Task statement ▸
Beginning with the line that holds "Miami Chair Satin", copy every remaining line of the listing below exactly, and leave the pictures out.

Raw data ▸
========================================================================

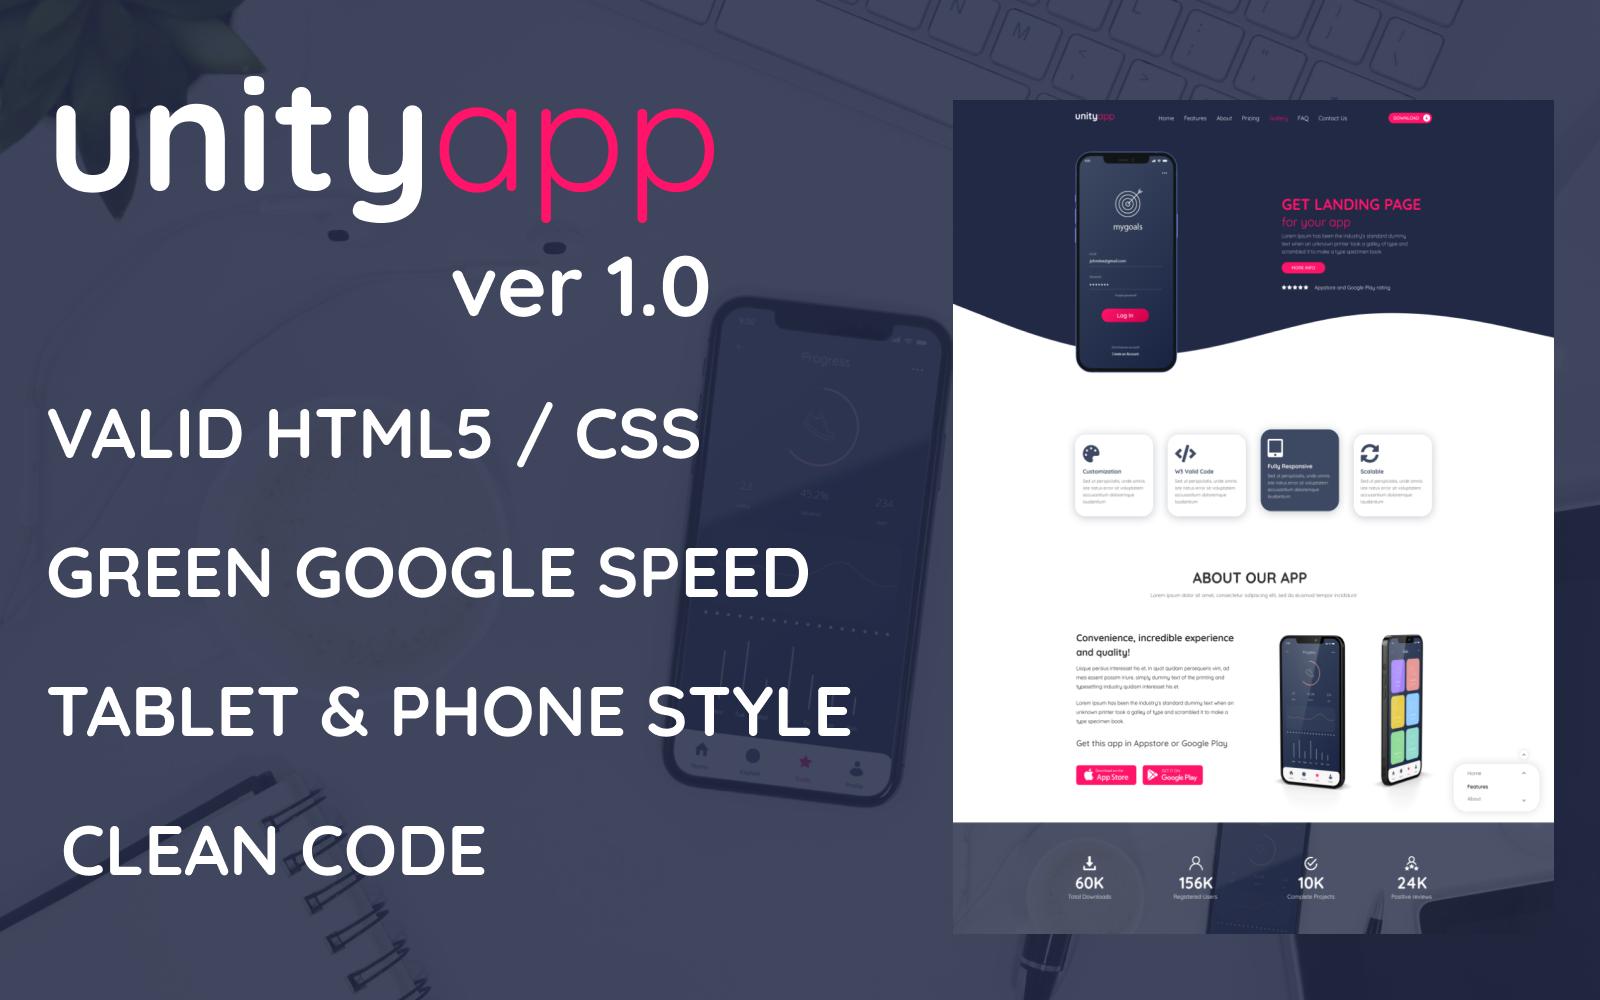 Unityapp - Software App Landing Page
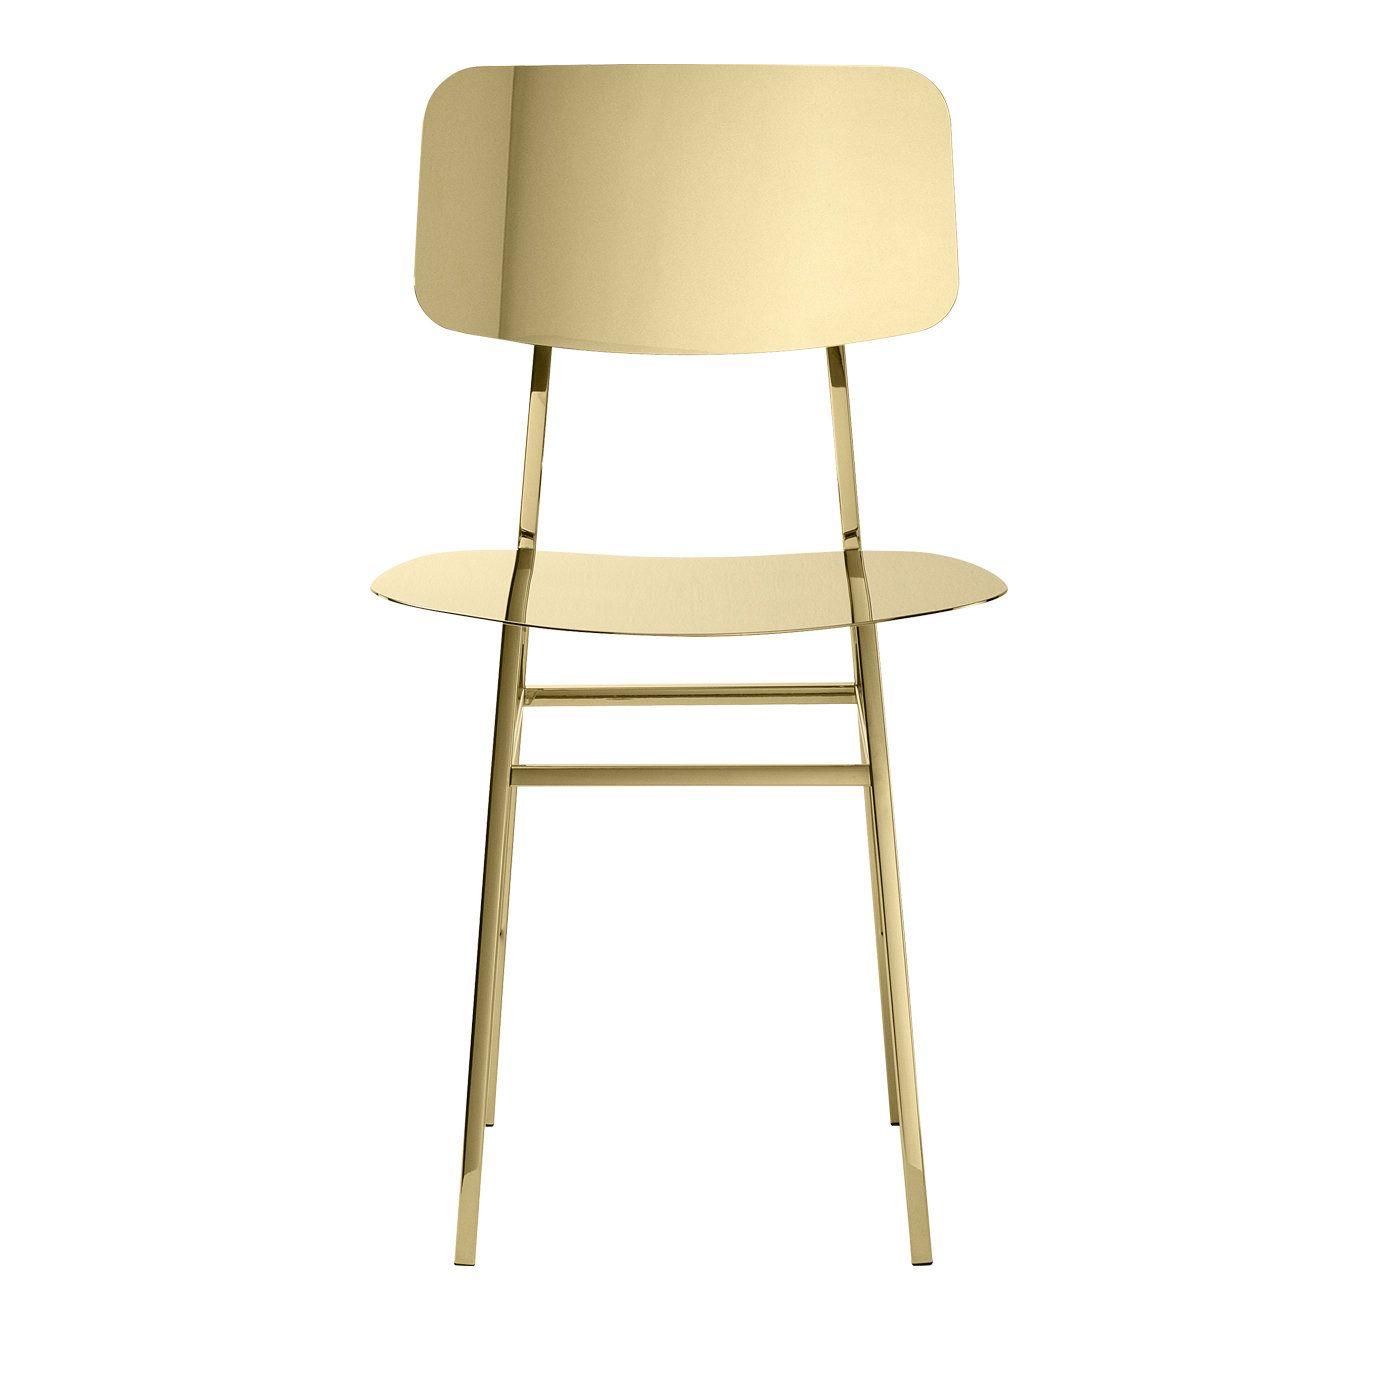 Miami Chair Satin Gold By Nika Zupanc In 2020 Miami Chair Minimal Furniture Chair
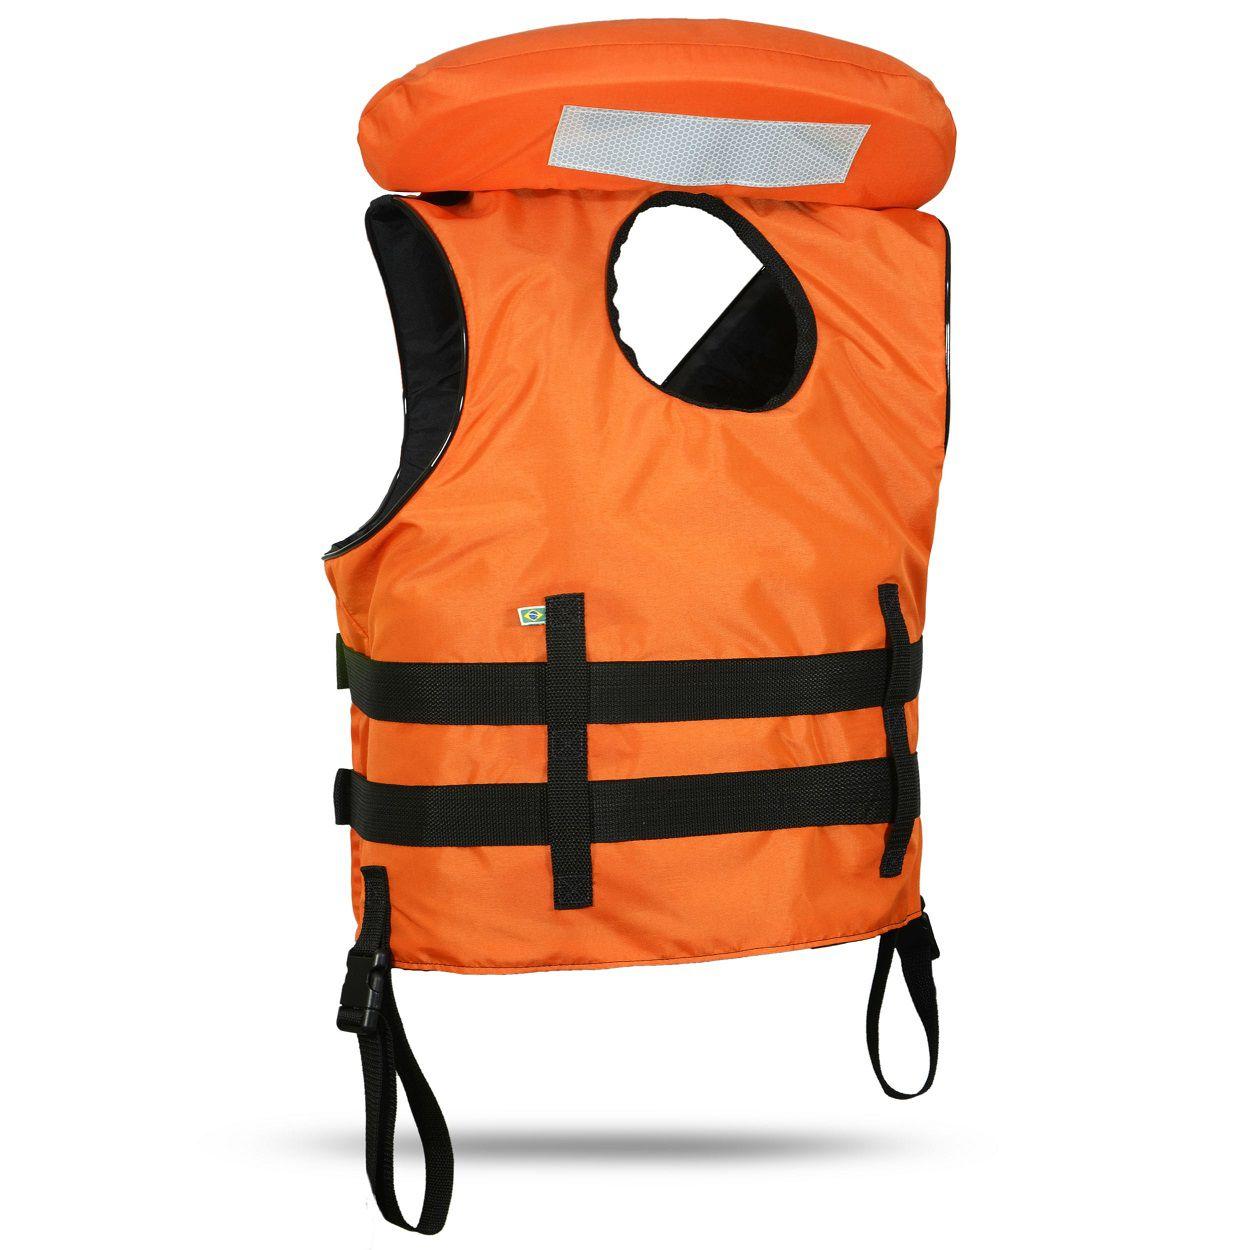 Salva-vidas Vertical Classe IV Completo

========================================================================

Output of the task ▸
 Miami Chair Satin Gold By Nika Zupanc In 2020 Miami Chair Minimal Furniture Chair
 Salva-vidas Vertical Classe IV Completo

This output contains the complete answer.